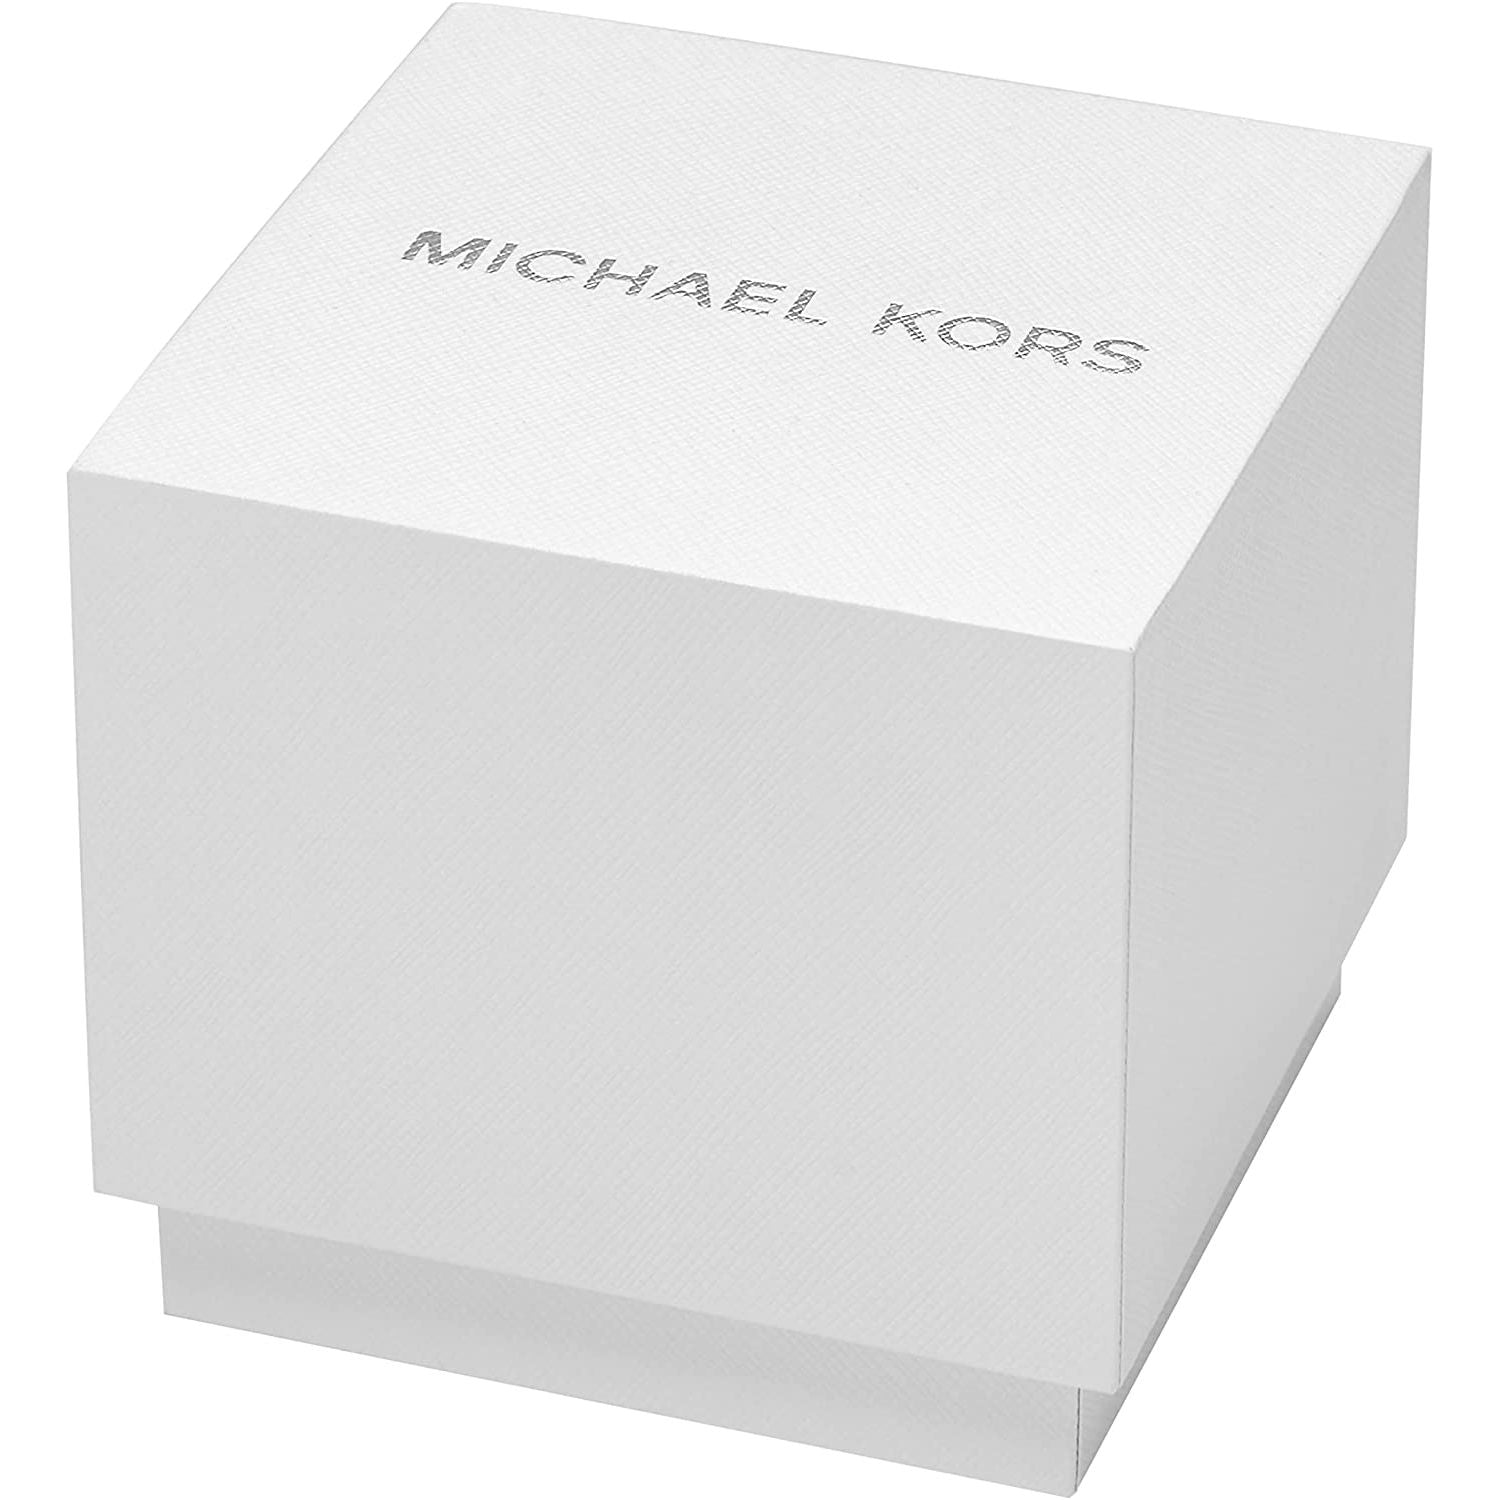 Michael Kors Women's Watch - Layton Three-Hand Rose Gold 38mm
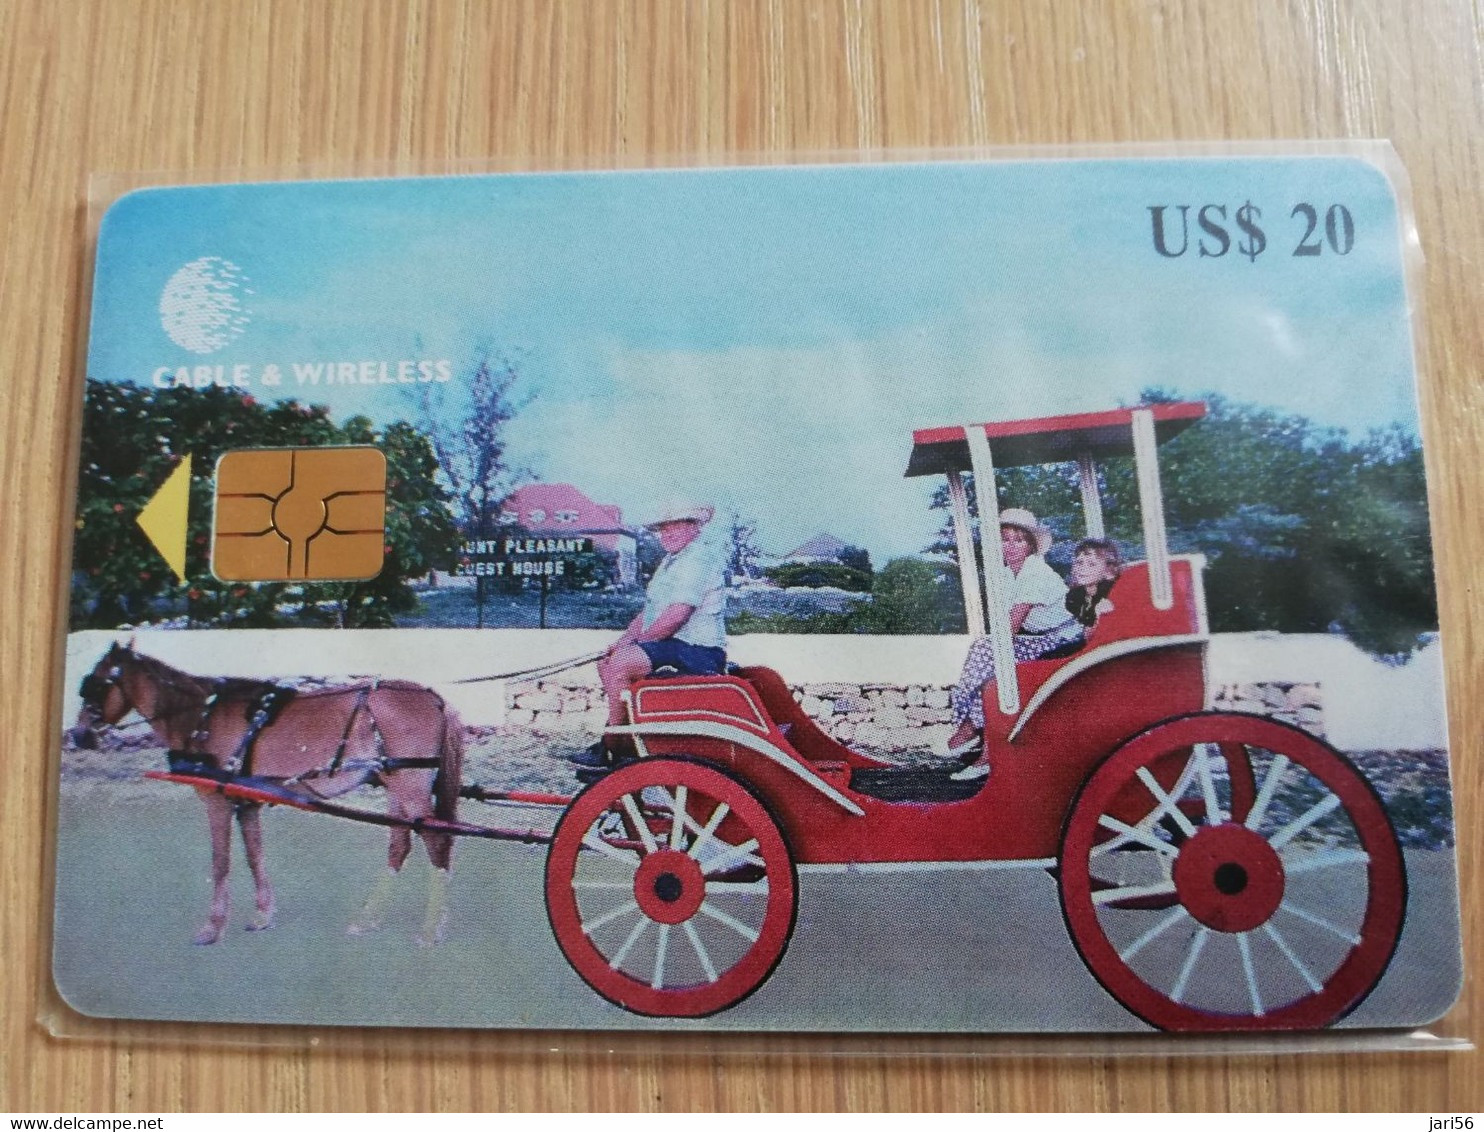 TURKS & CAICOS ISLANDS $ 20,00  CHIP  CARD  HORSE CART WITH LOGO     T&C -C3  GEM6     Fine Used  Card  **3317** - Turks & Caicos (Islands)
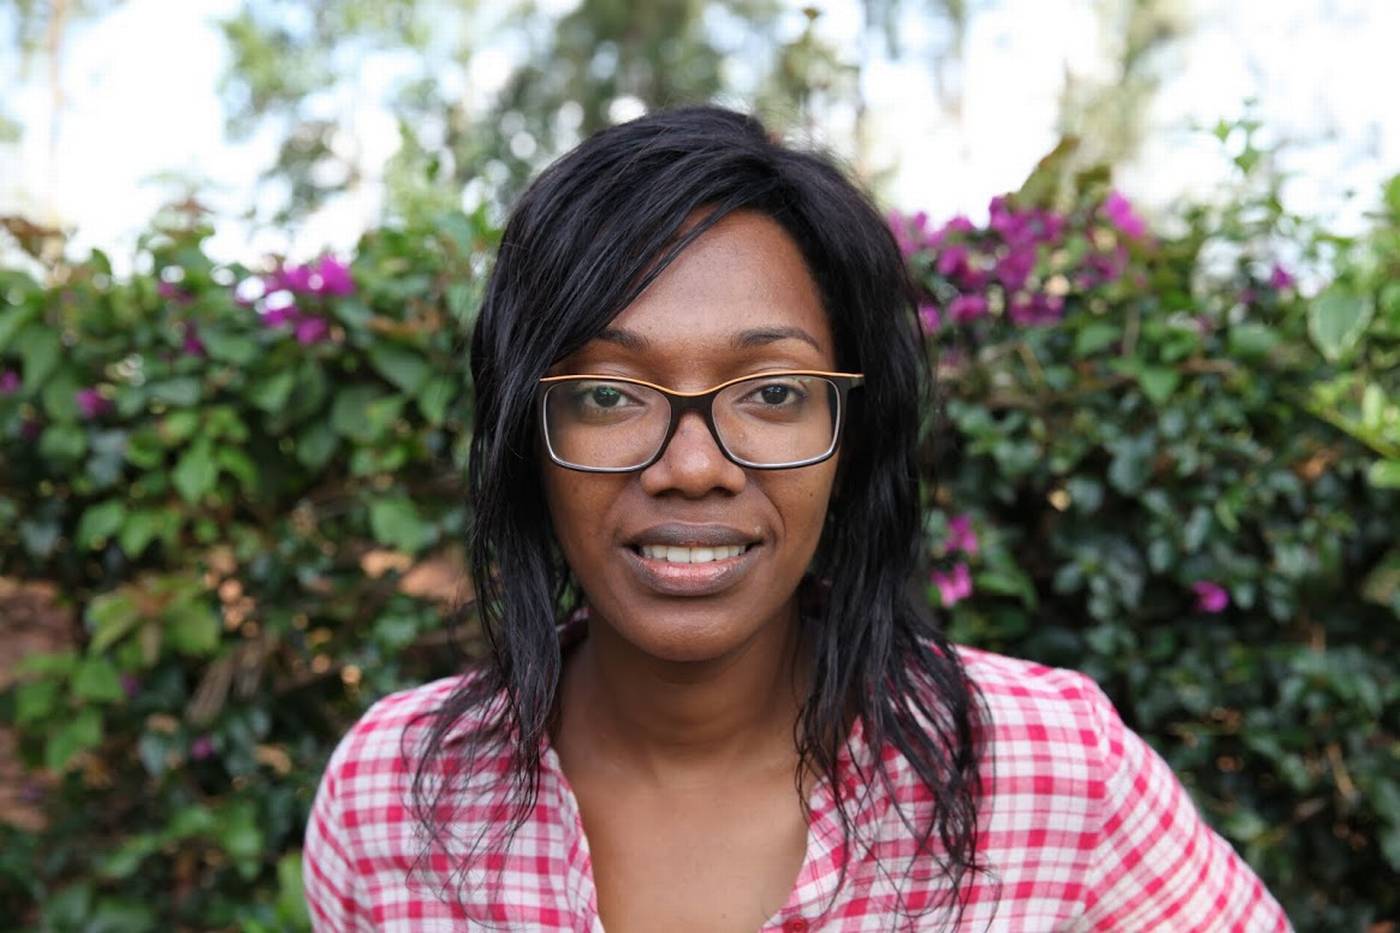 Shemale Sleeping Xxx Hd Videos - Kenya's transgender warrior: from suicide bid to celebrity
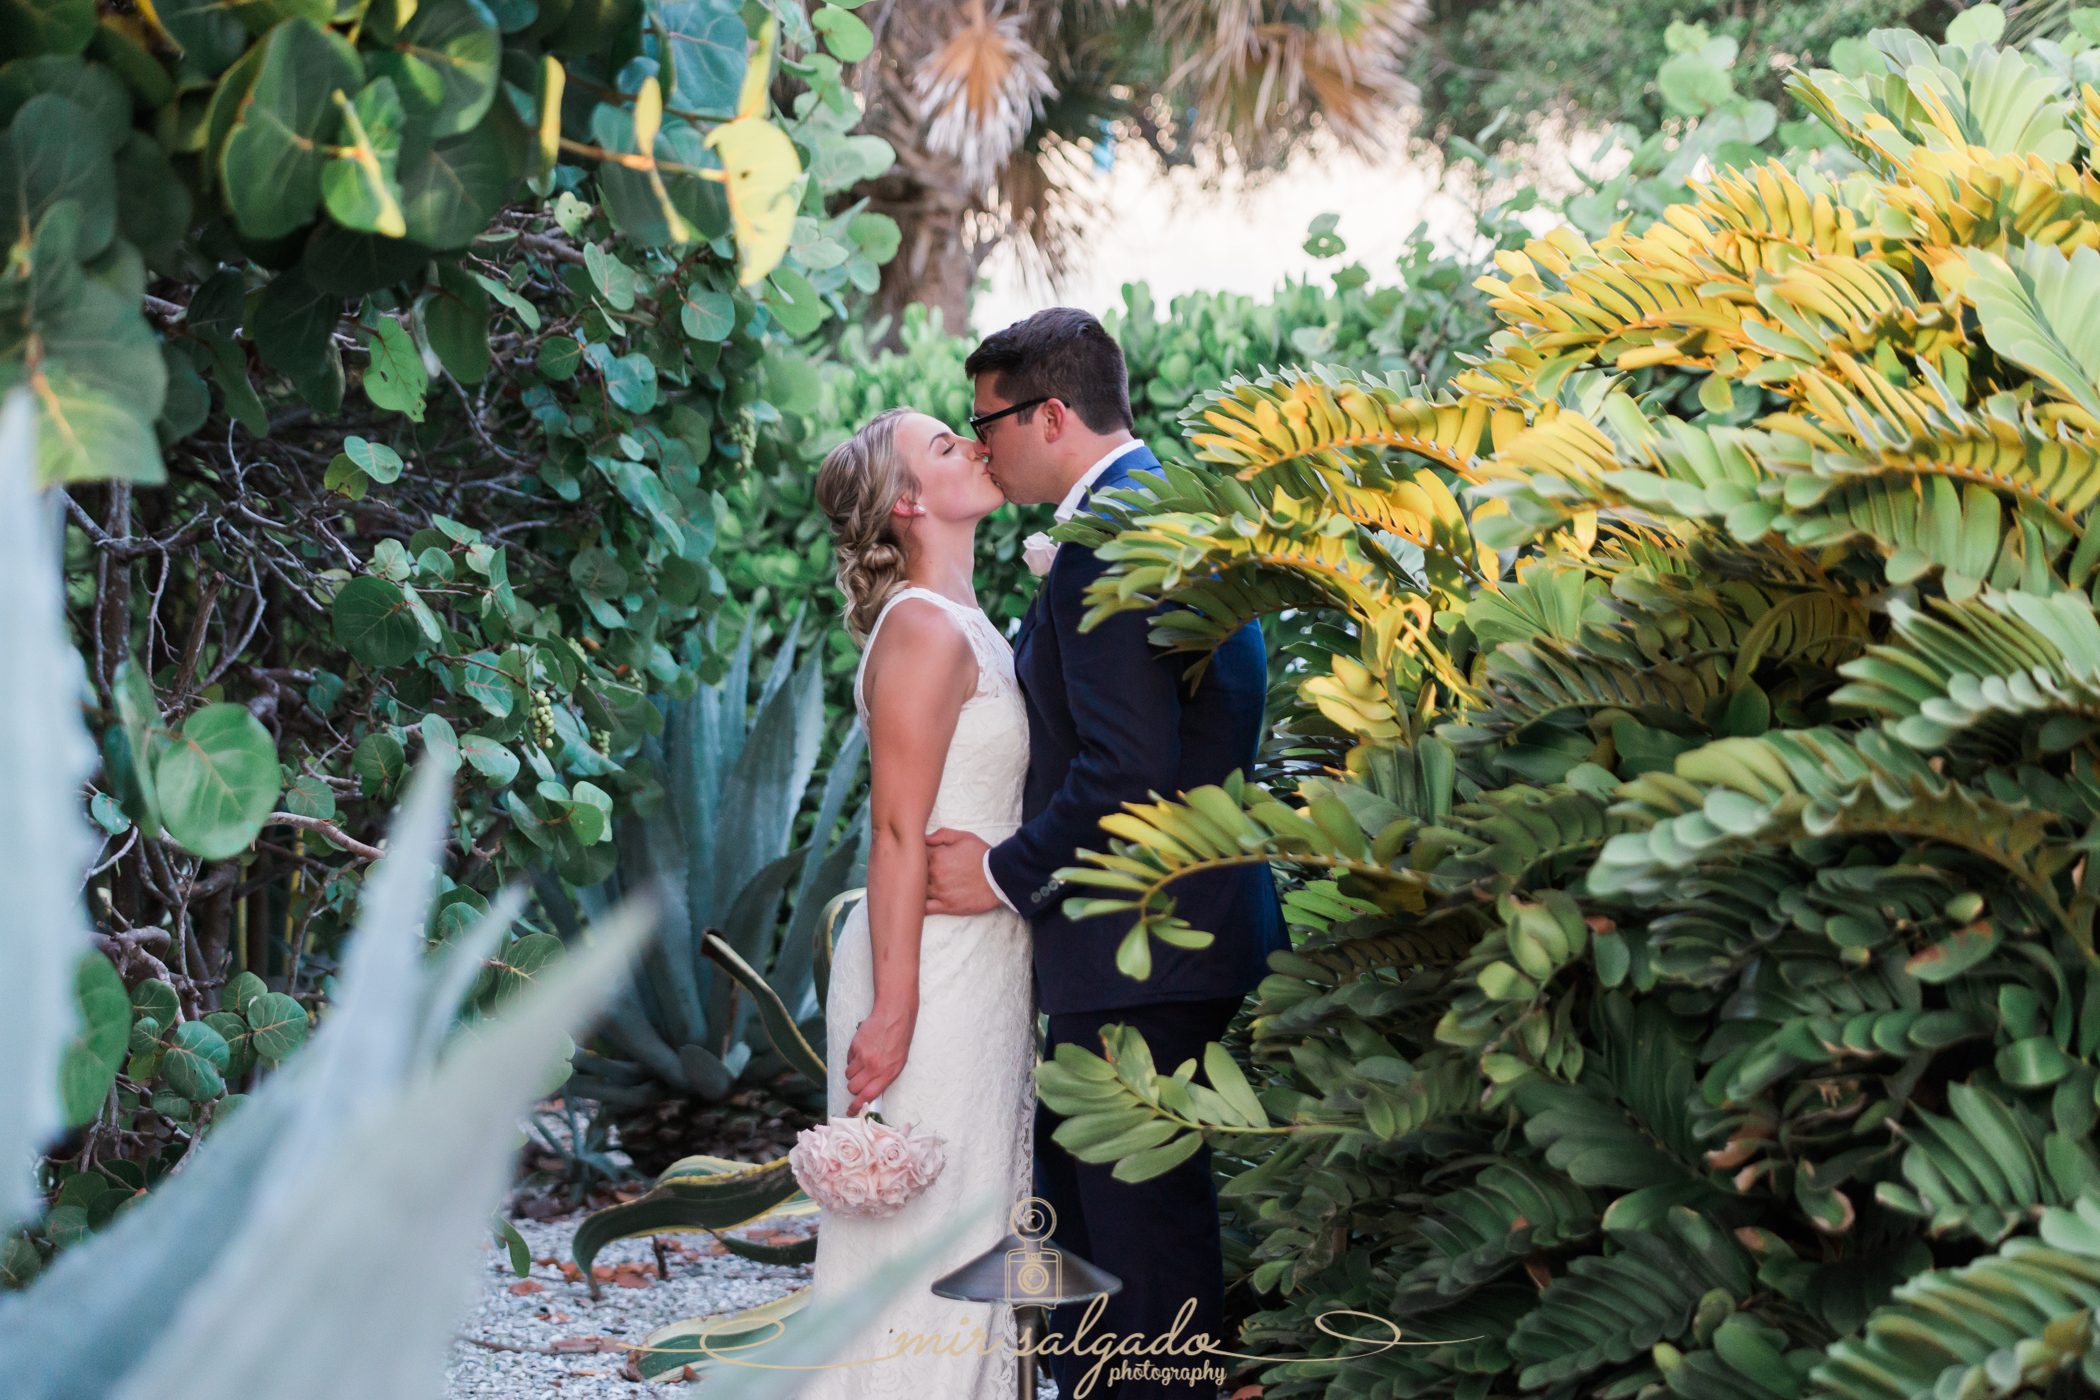 garden-backdrop, unique-wedding-backdrops, plant, wedding-portraits, outdoor-wedding-photography

PROBLEM TO SOLVE :: Using the data above, copy exactly the lines from the one containing "TURKS & CAICOS ISLANDS" to the one containing "Shemale Sleeping Xxx", inclusive. Exclude the pictures.

TASK SOLUTION ::
 TURKS & CAICOS ISLANDS $ 20,00  CHIP  CARD  HORSE CART WITH LOGO     T&C -C3  GEM6     Fine Used  Card  **3317** - Turks & Caicos (Islands)
 Shemale Sleeping Xxx Hd Videos - Kenya's transgender warrior: from suicide bid to celebrity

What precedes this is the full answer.